The DLVM project (more on this in an upcoming blog post) introduces a DSL embedded in Apple’s Swift programming language and based on ideas present in the Lightweight Modular Staging (LMS) library for Scala, an intermediate representation with support for linear algebra and derivative information, and compilation steps to perform automatic differentiation as a source transformation, hosted on a (modified?) LLVM backend. DLVM is currently not actively developed, but happily that’s because one of the original authors is now working on the similar Swift for Tensorflow project at Google. At the DLVM poster, I learned from another delegate that Facebook has just released Glow at their own developer conference. Backing from these two ML giants supports the authors’ guess that such technologies will become ubiquitous in the next few years.

Fei Wang and Tiark Rompf also workshopped a paper on using LMS in Scala to provide a more expressive DSL for constructing static graphs. Notably, they used delimited continuations, a powerful mechanism for controlling control flow, to obviate the need for an explicit tape for reverse-mode autodiff, essentially using the underlying language’s stack instead. They claim that their DSL removes the need for compiler passes or other source-to-source transformations as in the DLVM model (although I assume DLVM implements a larger set of optimizations).

I intend to understand the relationships between these elegant techniques, and in particular their relation to staged metaprogramming and the rest of the compilation pipeline, in much more detail in the not-too-distant future.

Other topics

Numerous very large and active subject areas like reinforcement learning, applications to audio and language processing and synthesis, and resistance to adversarial examples are entirely slighted here. Of particular interest given the prevalence of graph- theoretic methods in neuroscience, recursive and graph NNs continue to see rapid advances. A large body of work applies such networks to programming problems such as program synthesis and debugging, which will certainly benefit many scientists.

Perhaps due to the relative youth of the field, even the ‘core’ methods continue to improve. For instance, Kidambi et al. showed theoretically that several popular modifications to SGD have in general no asymptotic benefit, although they’ve developed one known method, Accelerated SGD, which provides superior convergence guarantees.

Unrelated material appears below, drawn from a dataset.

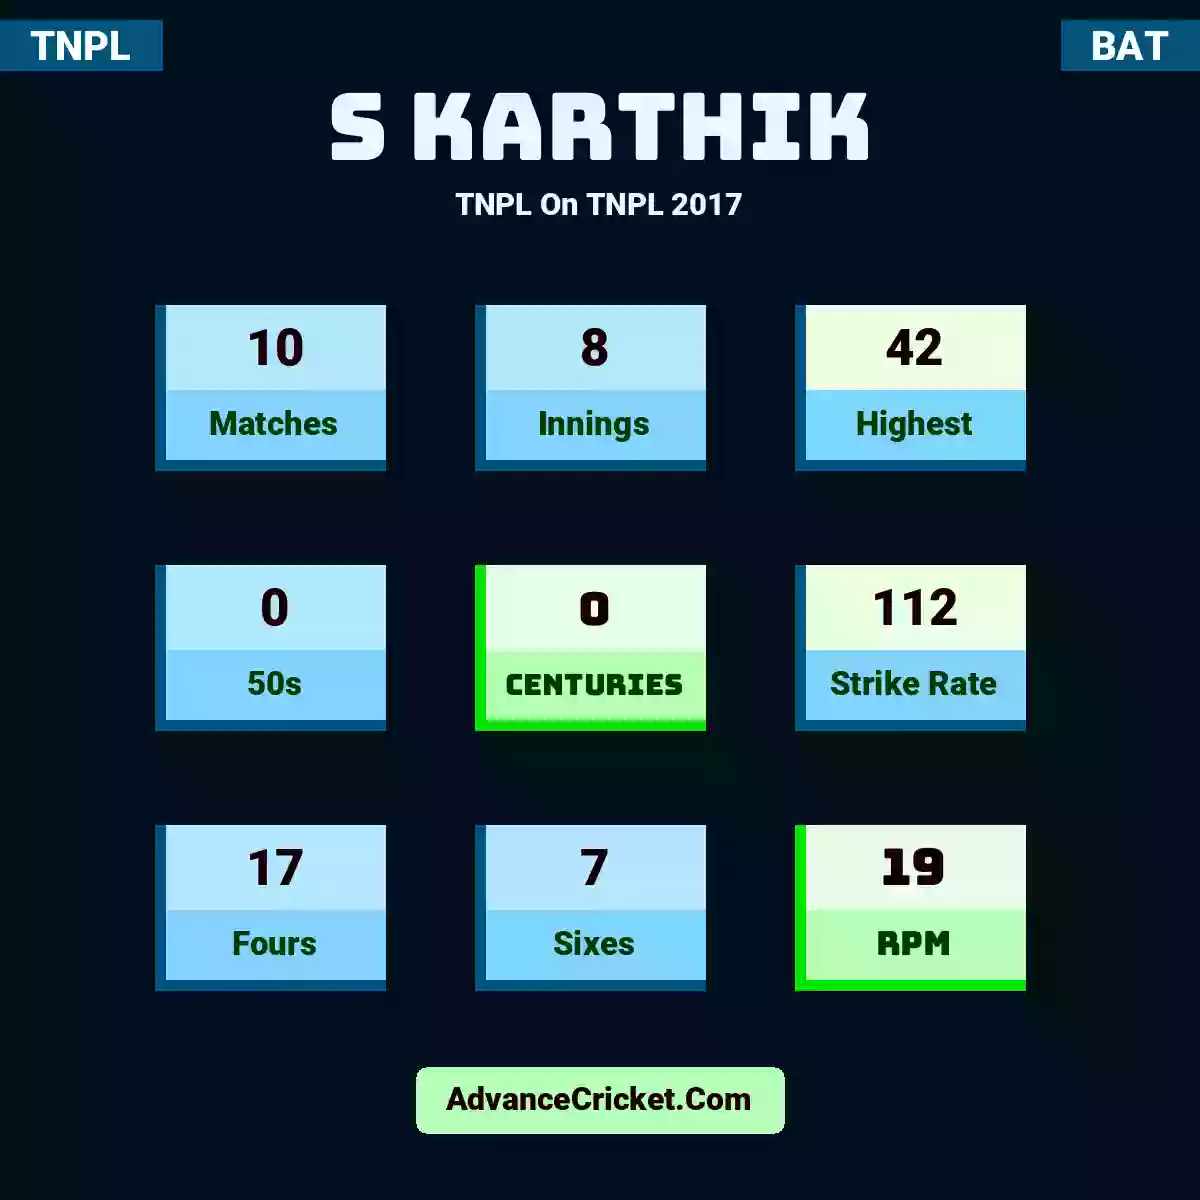 S Karthik TNPL  On TNPL 2017, S Karthik played 10 matches, scored 42 runs as highest, 0 half-centuries, and 0 centuries, with a strike rate of 112. S.Karthik hit 17 fours and 7 sixes, with an RPM of 19.

I haven’t even discussed my main interest - deep CNNs - much, but there were obviously many, many papers on these, both on specific architectures/problem domains (mostly 2D images, sadly) and on more fundamental issues such as the topology of skip connections and efficient architecture search.

Overall, as someone new to DNNs, I found this conference extremely useful both for discovering a number of novel technologies as well as understanding current thought in the field.

Acknowlegments

Chris Hammill read the draft of this text. Thanks especially to my supervisor, Jason Lerch, for letting me attend.